When former Clairemont Sentinel reporter Chuck Buck read the “Squaremont” story about himself in last month’s Clairemont Times, he asked if a visit could be arranged with the Navarro family.
Chuck was only 23 when he wrote for The Sentinel, but he remembered Beth Navarro, an 11-year-old girl with cerebral palsy, learning to crawl by using a new procedure known as “patterning.”
He recalled sharing what he learned from that story with friends when they became parents. “I did it, I’m sure, with gravitas,” he added.
It took a minimum of four people – family, friends and volunteers – to coordinate the movement of Beth’s hands and legs with her brain. Repetition was the key. Chuck never forgot the spunky little girl and wondered what happened to her.
During the visit, her older brother, Pete, reminisced about Beth after she learned to crawl. “She wore a path in the carpet going back and forth between the living room and down the hall,” he chuckled.
After she mastered crawling, she leaned to walk.
Mrs. Navarro, Elisa (Licha), explained that once Beth was able to walk, she wanted to explore. They quickly had to build a six foot wall so she couldn’t wander away.
Beth frequently got up while we were talking and walked out the back door. She likes to look for lizards and hummingbirds in the yard… then she walked back into the house, visited the other rooms and returned to the conversation in the dining room. It’s a pattern she follows going back to adolescence.
Beth, who is now 64, learned how to bowl. She proudly shows her bowling trophies and medals. Life for her is about routines. She understands the importance of regularly brushing her teeth and loves to visit Starbucks with her younger sister, Margaret.
Pete takes her to the casinos. He asks Beth, “Did you win a million dollars?”

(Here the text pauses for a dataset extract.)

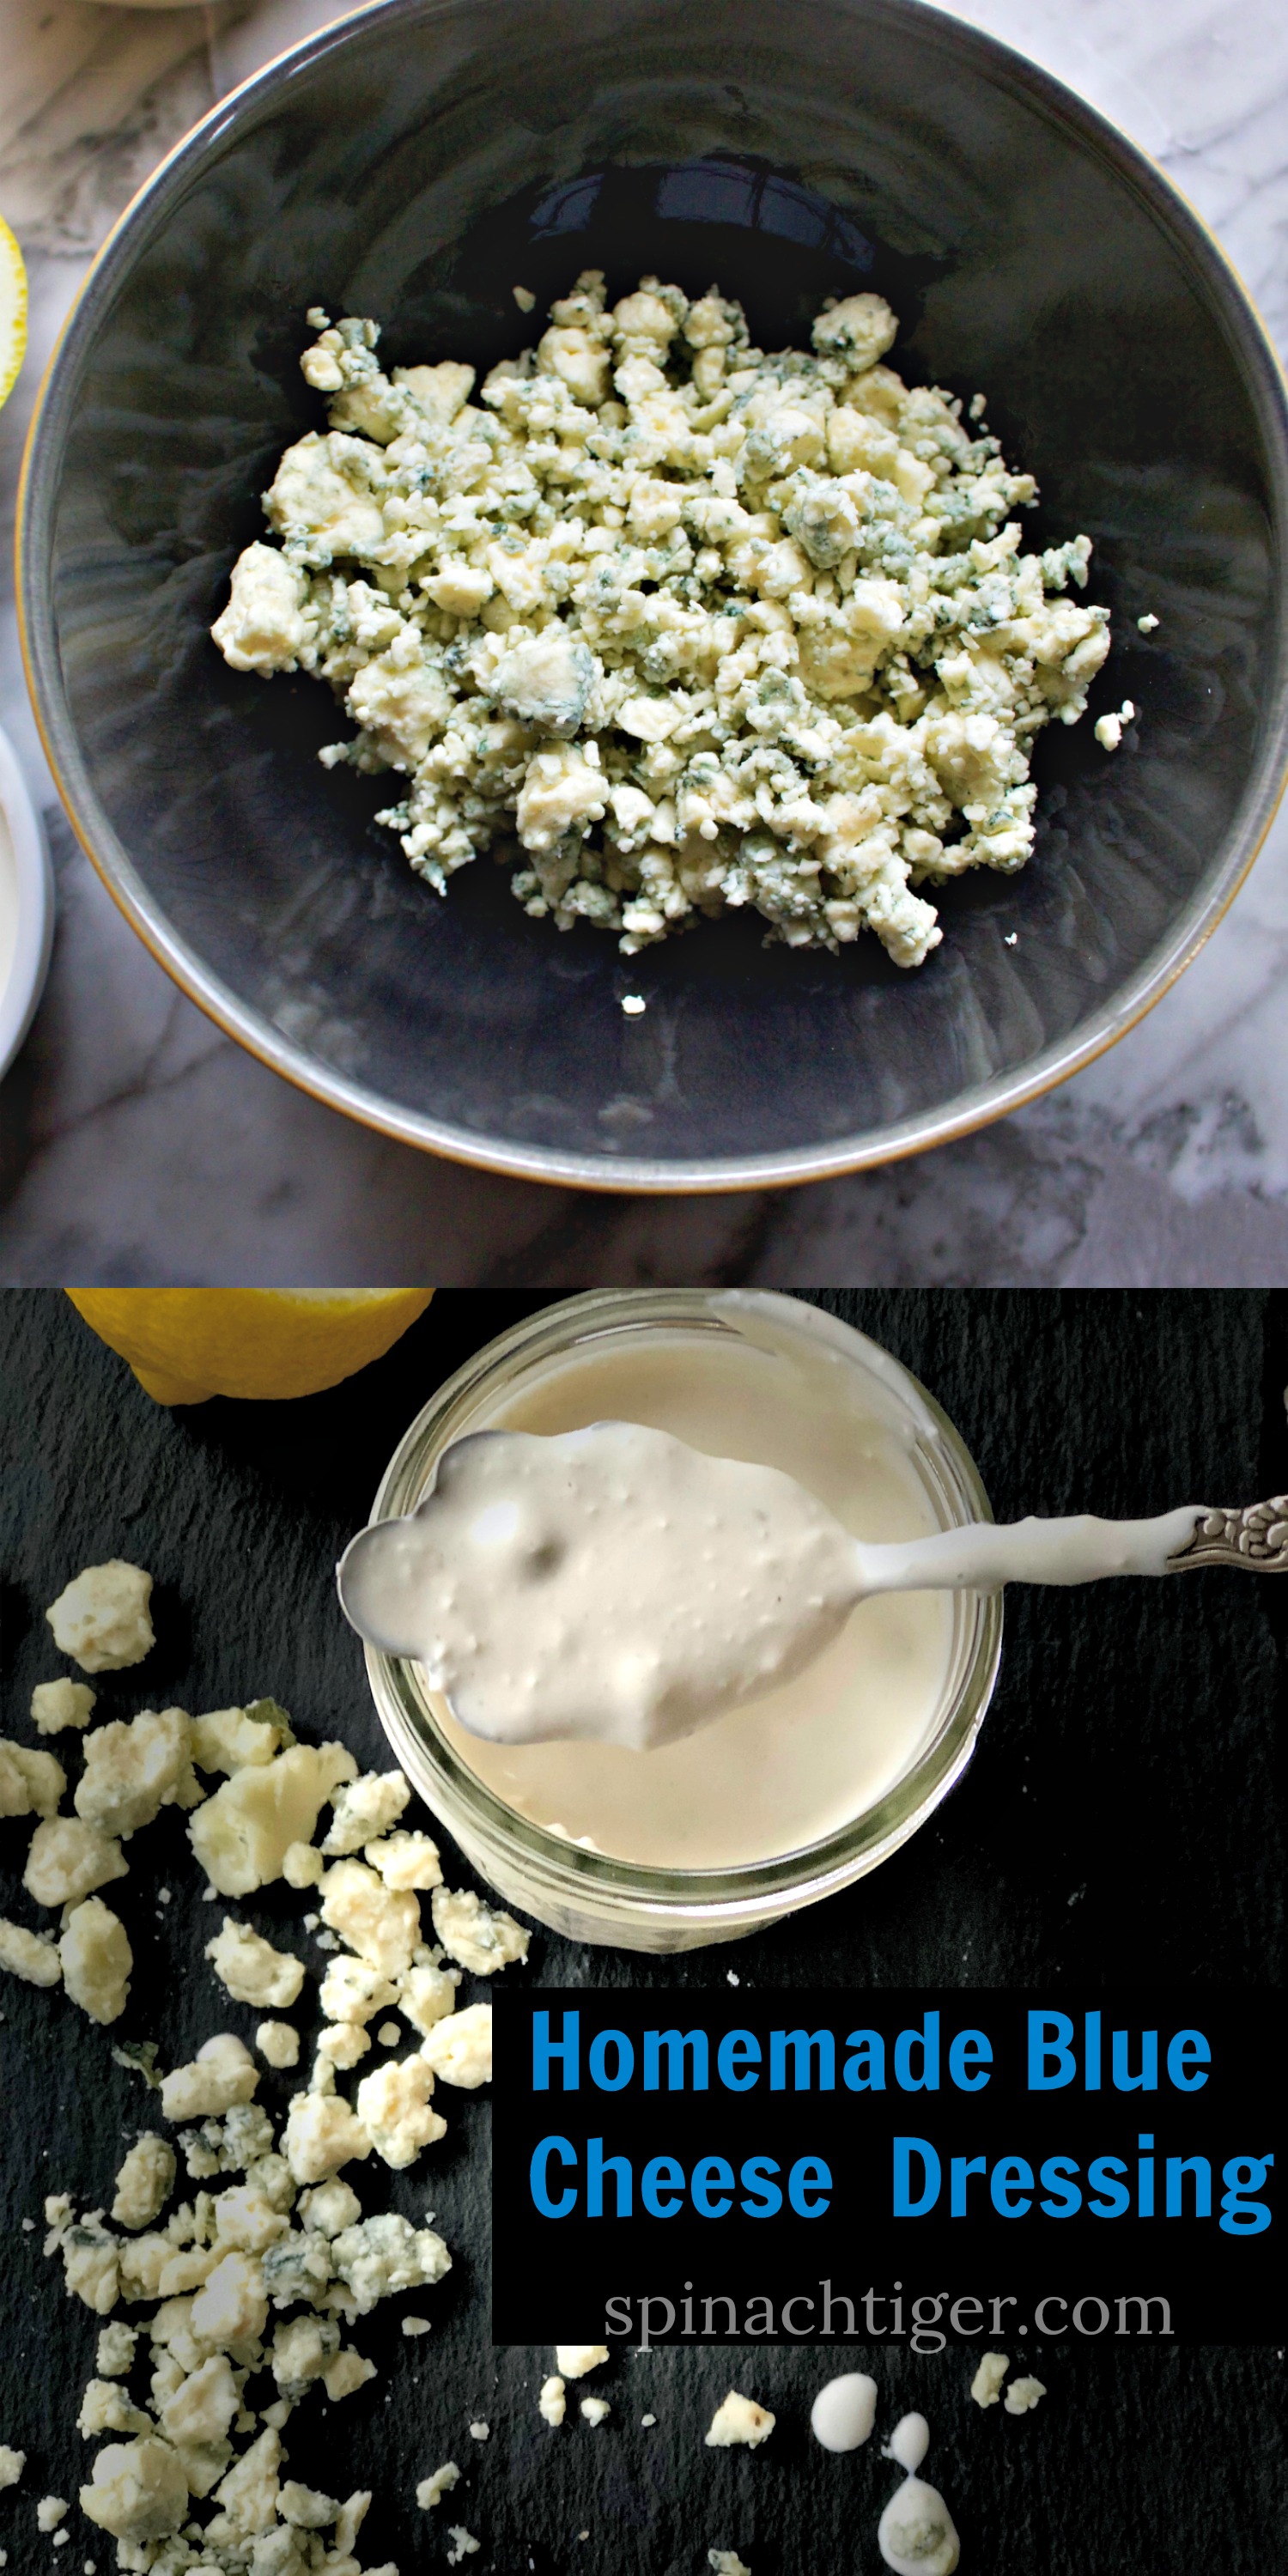 Homemade Blue Cheese Dressing from Spinach TIger

She laughs and says, “Yes.”
Pete said that with all the noise and lights at the casinos, “Beth thinks she is always winning when she pushes the buttons.”
Even at age 90, Mrs. Navarro still keeps an immaculate home. Her husband, Pedro, Sr., was a retired Navy Chief. Everything had to be spotless. Little American flags are found throughout the house and in the yard.
The Navarro family is originally from New Mexico. Pedro, Sr. was a city boy in Las Cruces. Elisa grew up on a farm north of Las Cruces. As a girl, she picked tomatoes, cotton and famous Hatch chiles. She is grateful for her schooling and for the opportunities America gave her family. Most of her siblings were born in Mexico, but learned to read and write English in school. Assimilation and being American were important values in her family.
New Mexico struck a chord with Chuck. During the 1940s, his father worked on Ralph Edwards’ popular NBC Radio show, “Truth of Consequences.” In 1950, Edwards announced that if a city or town would rename itself as “Truth or Consequences,” he would conduct a broadcast from that venue.
Hot Springs, New Mexico, population 4,700, on the banks of the Rio Grande, an hour north of Las Cruces, won the contest. It’s a place where Apache warrior Geronimo soaked in its healing waters.
When Chuck was 7, he remembers driving from Los Angeles to New Mexico in the backseat of the family’s 1939 Nash. Appropriately, the program aired on April Fools’ Day, 1950. The reception was so warm that Edwards returned to “TorC” to do one show a year for the next fifty years. They still crown the Hatch Chile Queen in Truth or Consequences.
Ralph Edwards also produced the Emmy Award-winning TV program, “This is Your Life,” that ran from the 1950s into the 1980s.
Following the visit, Chuck reflected, “In a sense, having Mrs. Navarro reveal a scrapbook of newspaper clippings and photos of Beth… seeing Beth stand alongside her trophy case that displayed her trophies, showing me her bowling medal and talking with her mother and brother was very much like, “This is Your Life, Beth Navarro.”